The exact freezing temperature of beer depends on the beer’s alcohol content. However, the short, generalized answer is that is around 6 and 20 percent will freeze at approximately 28 degrees F.
What Temperature to Drink Beer
Even though you wouldn’t want your beer to be sun-warmed, not all beers need to be chilled–or even consumed at regular fridge temperature, which is usually 4 degrees C or cooler. In fact, darker beers that are higher in alcohol content really come into their own full-bodied beauty at around the 10 degrees C mark.
With this range in mind, here is a list of the best temperatures to drink beer.
Pilsners and Pale Lagers: Playful pilsners like Steam Whistle are ideally served at a temperature between 3 and 4 degrees C.
Medium Lagers: Serve lagers at a temperature around 8 degrees C.
Light Lagers: Enjoy light lagers at a temperature of 0 to 4 degrees C.
Amber/Oktoberfest/Marzen Lagers: You’re going to go a little bit warmer for these darker lagers. Aim for a temperature of 10 degrees C.
Blonde/Cream Ale: These light-bodied ales are ideally enjoyed at around 7 degrees C.
Pale Ale: Imbibe your pale ale at a flavourful temperature of between 7 and 10 degrees C. A fuller body English-style pale ale tastes great at 10 to 12 degrees.
India Pale Ale: Crank your fridge temperature to 3 degrees C to get the best flavour from your IPA.
Stout Ale/Black Ale/Porter: These heavy bevvies are suited to a warmer temperature range. We’re talking between around 12 degrees C.
Wheat Beers: Whatever the form of your wheat beer, the best temperature range to serve one at is between 4 and 7 degrees C.

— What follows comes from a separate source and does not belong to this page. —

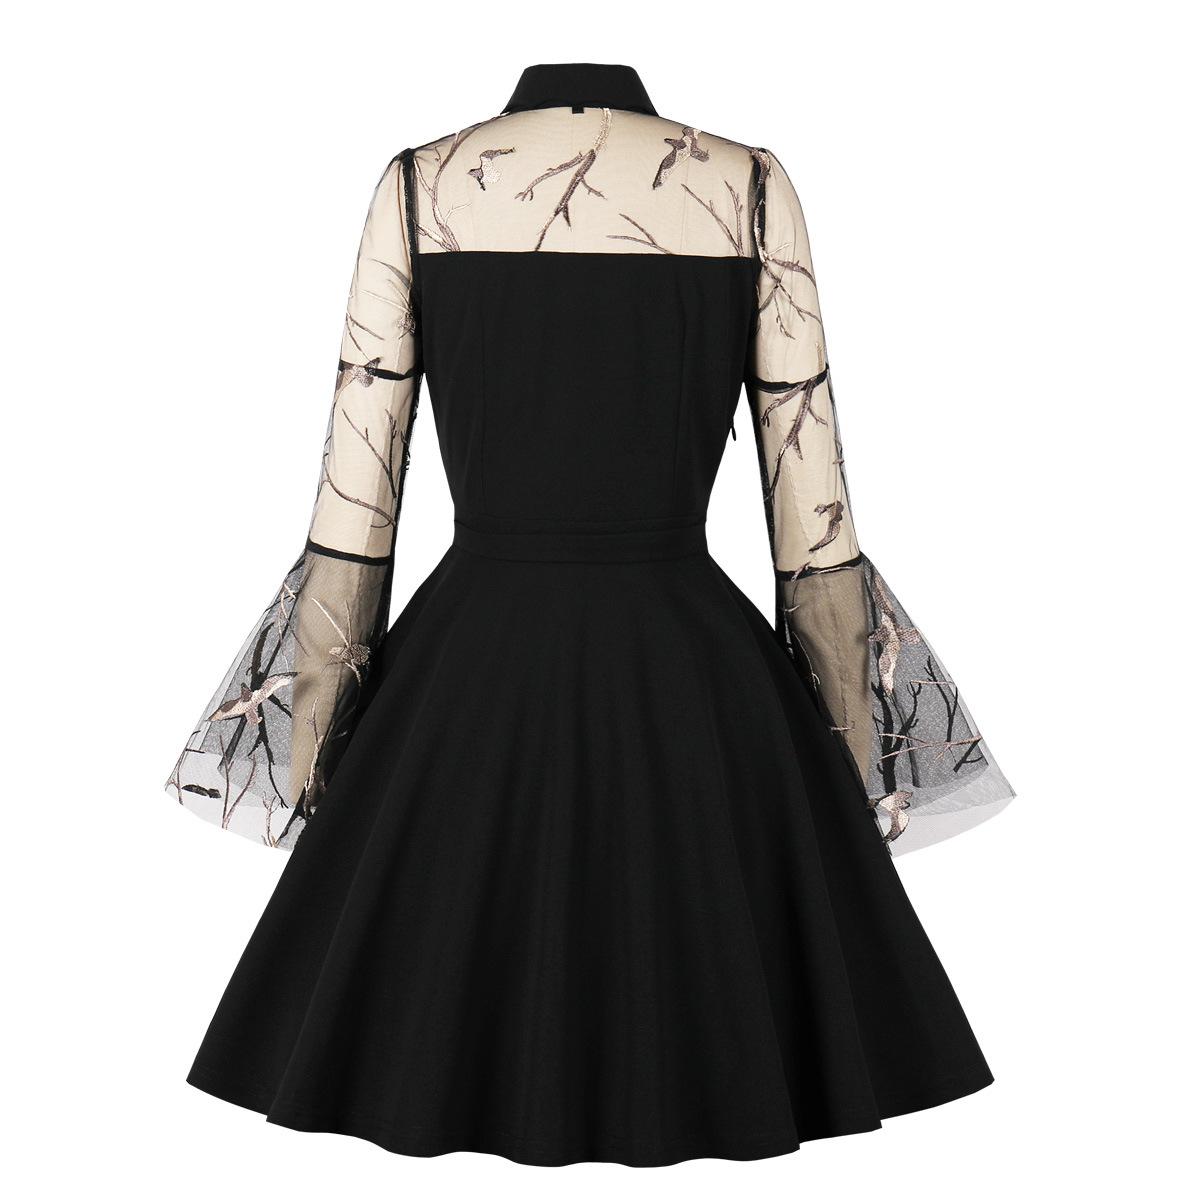 women's mesh embroidery trumpet sleeve stitching dress nihaostyles clothing wholesale NSMXN78855

Our Head Brewer, Erica McOustra says, “Beers such as highly hopped IPAs where the suggested range is cooler, can change and develop over the course of enjoying a pint, such that more aromatics pop out as it warms up. I’d say there are no hard and fast rules when it comes to how you like to enjoy your beer, personal preference dictates all.”
Educating yourself on what temperature to drink beer may seem like a trivial matter in this age of serious concerns, and we agree that we should never turn our backs on the things that are BIG deals.
However, the small deals, like the temperature of our beer, can provide us with those perfect moments of simple pleasure that give us the perspective we need to stand strong so we can affect change where and when it really matters.
So chill your brew perfectly, friends, and enjoy the little things that make the big things easier to bear.